## [PROBLEM DETAILS]
Within the records below, find the line with "Canoe cliparts" and the line with "ハイネックニット&ミニスカートワンピ 4897 - 韓国ファッション通販", then reproduce exactly those two lines and all lines between them, without any picture.

## [EXERCISE INPUT]

----

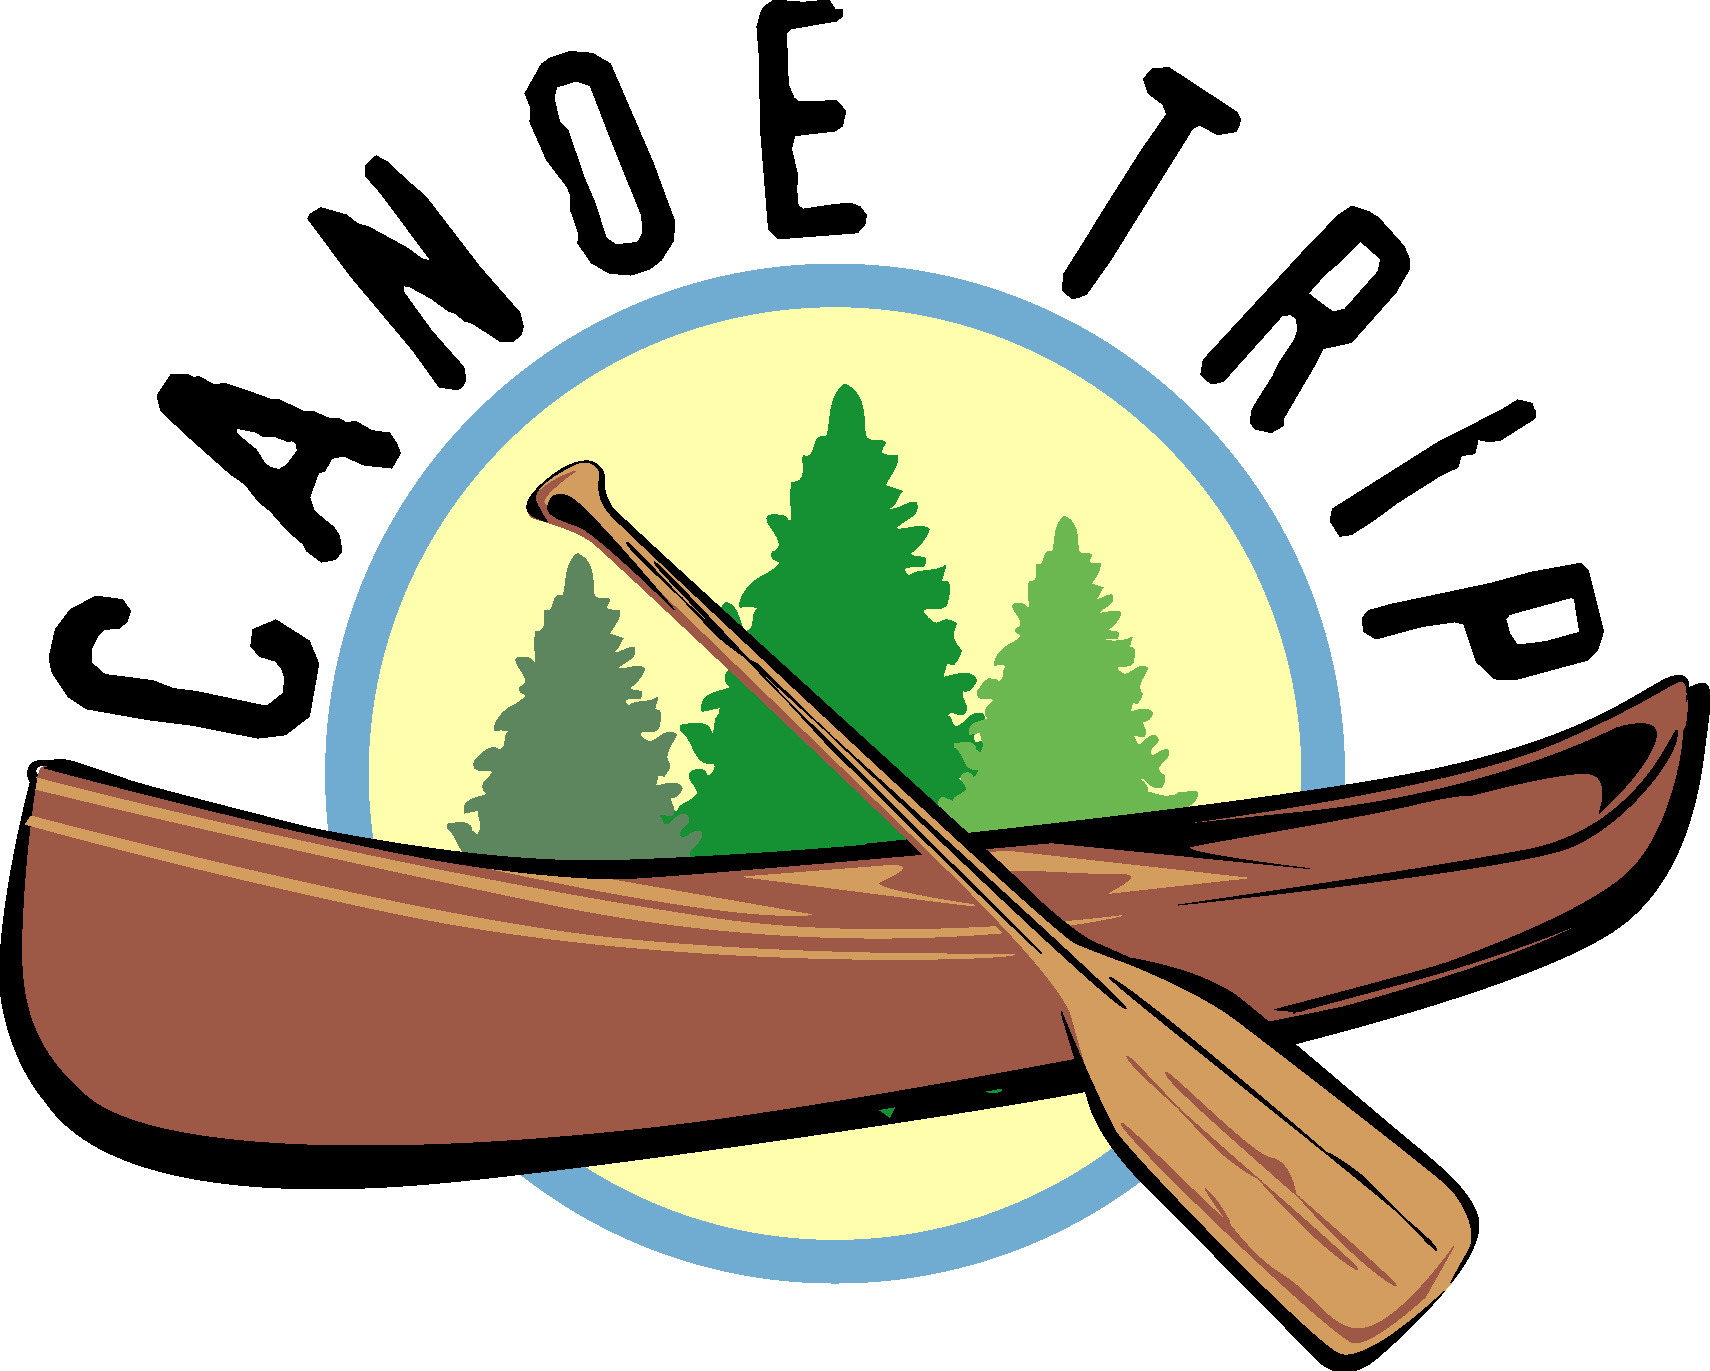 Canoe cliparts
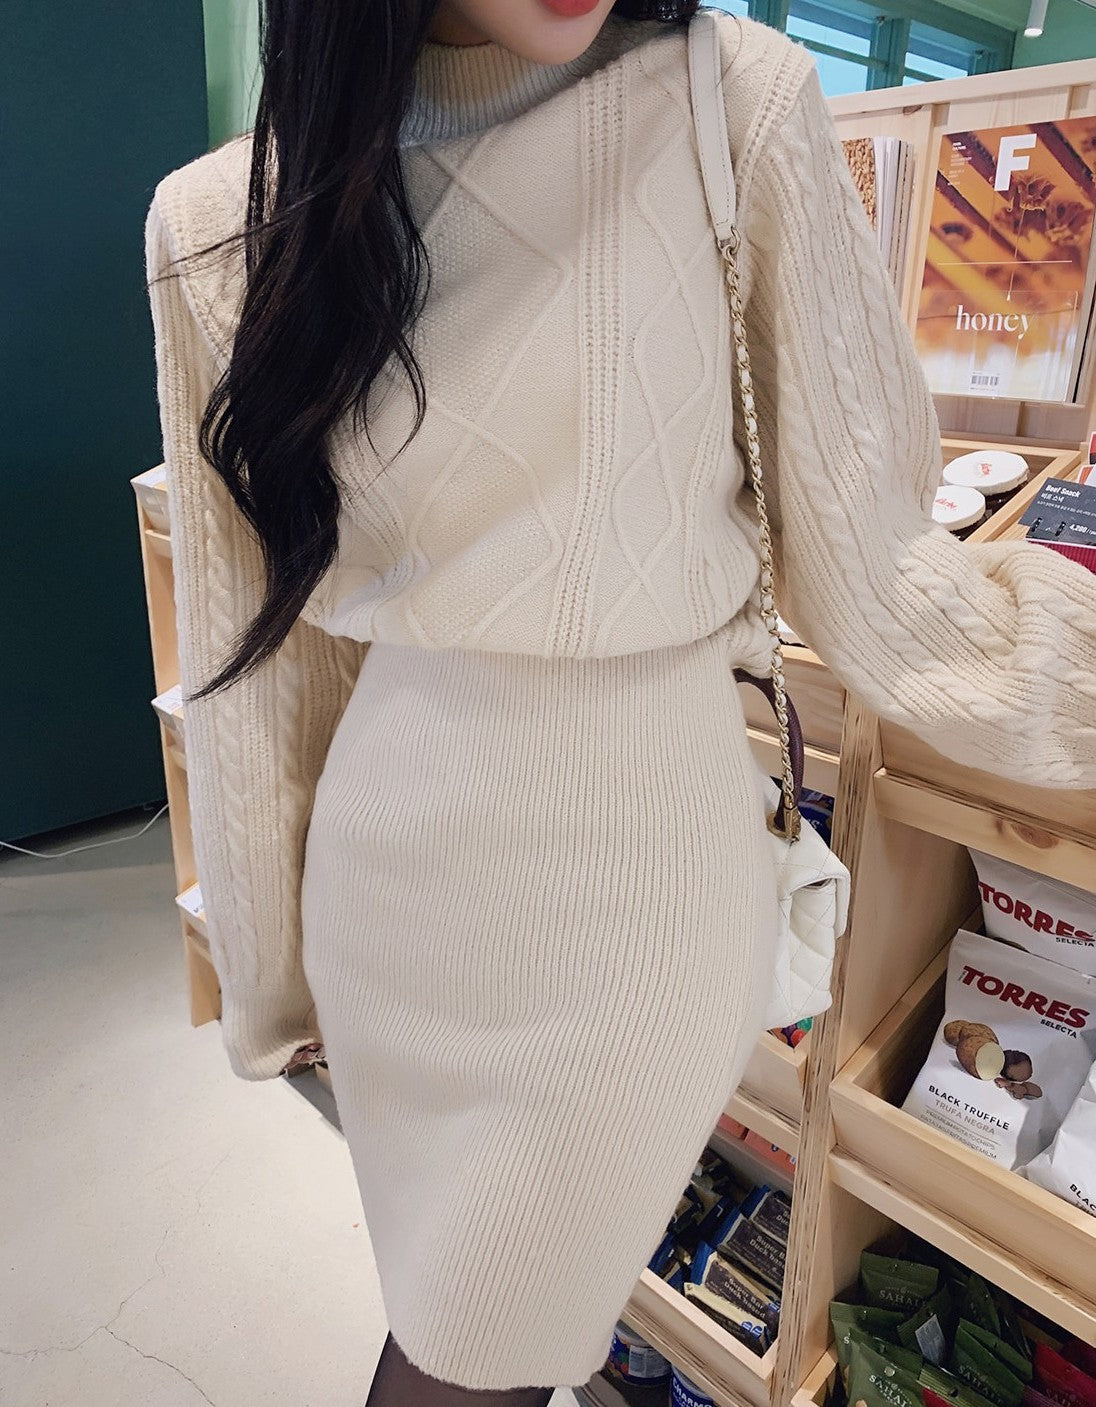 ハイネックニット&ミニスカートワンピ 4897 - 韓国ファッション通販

----

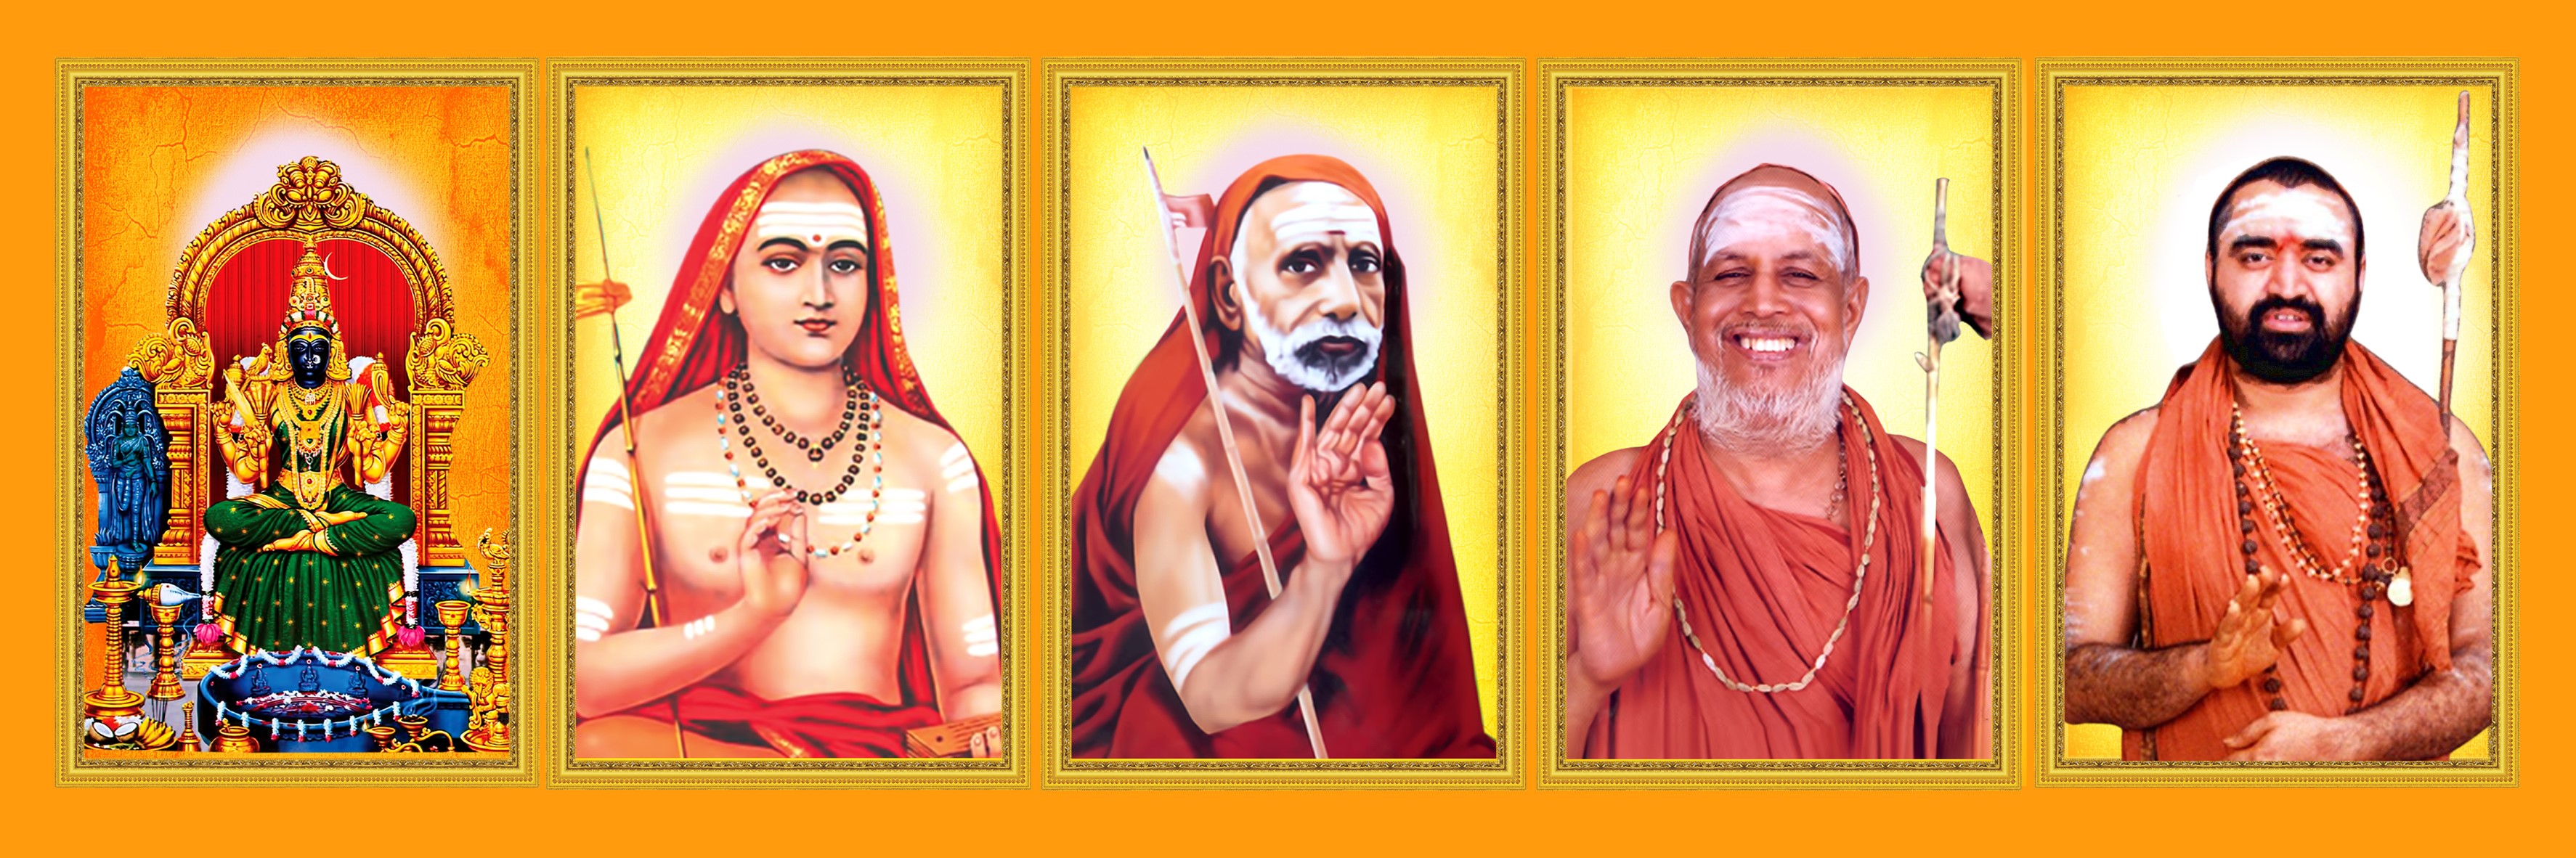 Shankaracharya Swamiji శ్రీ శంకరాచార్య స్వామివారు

----

## [RESULT BELOW]
 Canoe cliparts
 ハイネックニット&ミニスカートワンピ 4897 - 韓国ファッション通販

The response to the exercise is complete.